Khan had been warning for months that he and his party would seek to cut off NATO supply routes if the U.S. drone strikes didn’t end. The U.S. military says the land routes, used by civilian contractors, are a quick and cost-effective way to remove its vast store of equipment and hardware from landlocked Afghanistan ahead of the departure of most troops next year.
When the drone attacks continued this fall, including a November strike in Kyber Pakhtunkhwa, Khan and thousands of others held a day-long protest on a highway used by NATO convoys on the outskirts of the province’s capital, Peshawar. The following day, Nov. 24, his party’s political and municipal workers erected checkpoints to search and turn back trucks suspected of carrying NATO supplies.
When reports reached Kabul and Washington that some NATO truck drivers were being roughed up by protesters, the coalition suspended its convoys through the northern border crossing.

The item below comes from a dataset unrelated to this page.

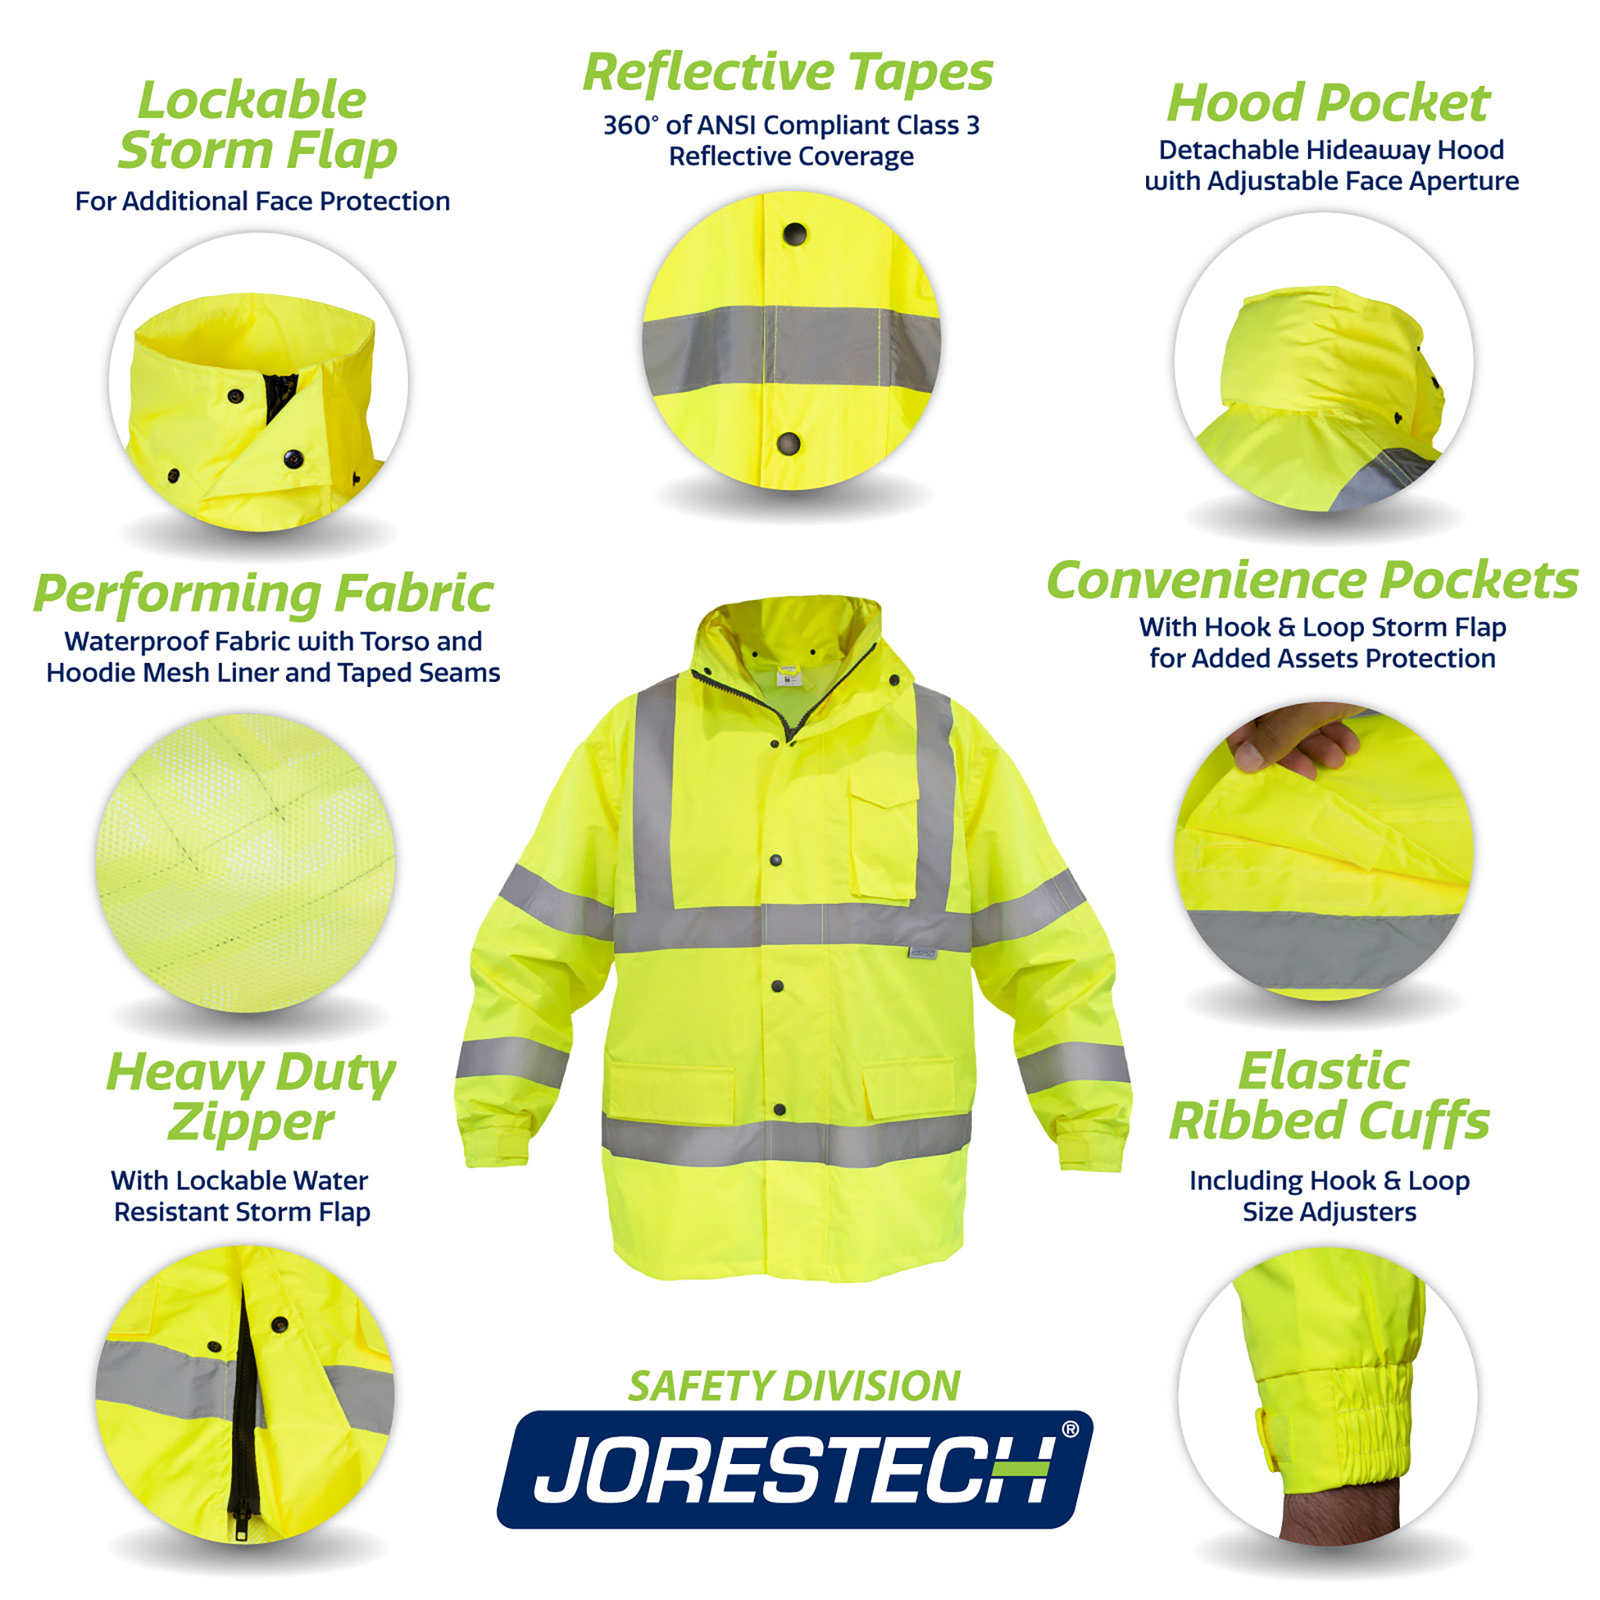 Yellow/lime rain jacket pus 7 call outs. Call outs read: Lockable storm flap for face protection. Reflective tapes ANSI compliant class 3. Hood pocket detachable and hide away hood. Performing fabric, waterproof, mesh liner and taped seams. Multiple convenience pockets. Heavy duty zipper with additional storm flap. Elastic ribbed cuffs with hook and loop strap.

Coalition military commanders in Kabul and U.S. Embassy officials in Islamabad have sought to play down the disruption, noting that NATO supplies are still moving through Pakistan’s southern province of Baluchistan.
But Khan’s party says it also has plans to blockade the port in the southern Pakistani city of Karachi, which would be a dramatic escalation. And there are growing signs that U.S. and NATO officials consider Khan’s stance to be far more than just an annoyance.
When U.S. Defense Secretary Chuck Hagel visited Pakistan in early December, he warned that the country could lose billions of dollars in U.S. military aid if the blockade continued, according to U.S. and Pakistani media accounts. Two weeks later, Marine Gen. Joseph F. Dunford Jr., commander of coalition forces in Afghanistan, traveled to Islamabad to meet with Pakistan’s new military chief, Lt. Gen. Raheel Sharif.
In a blunt signal of the coalition’s unease, about 20 diplomats from NATO countries, including the United States, summoned Khan for dinner in early December at the German ambassador’s residence in Islamabad. According to Khan and others present, the encounter became tense.
“They kept saying, ‘Look, we have nothing to do with it; it’s all the CIA’ ” carrying out the drone attacks, Khan recalled. “I said, ‘Look, you are all coalition partners.’ ”
At one point, Khan said, he asked the European diplomats how they would feel if Pakistan started secretly killing people living in their countries who were wanted on warrants in Pakistan.
Critics in government
Sharif’s government is starting to increase its criticism of Khan, who is also holding a series of demonstrations against Sharif’s economic policies and rising inflation.
Information Minister Pervez Rasheed accused Khan of being a demagogue “trying to divert the attention of people from his failures” in his province.
“It is the right of every individual to protest, but the way PTI has blocked NATO supplies, it will create problems for the country at an international level,” Rasheed said in an interview.
Even some conservative religious politicians question Khan’s strategy.
“He is providing an excuse to the U.S. to remain on Afghanistan’s soil,” said Abdul Jalil Jan, a leader of the Jamiat Ulema-e-Islam-Sami party in Kyber Pakhunkhwa.
But on a recent visit by a reporter to protest camps near Peshawar, party workers chanted “Long live Imran Khan” as they waited to quiz the next round of truck drivers on their cargo.
Haq Nawaz Khan in Peshawar, Shaiq Hussain in Islamabad and Craig Whitlock in Washington contributed to this report.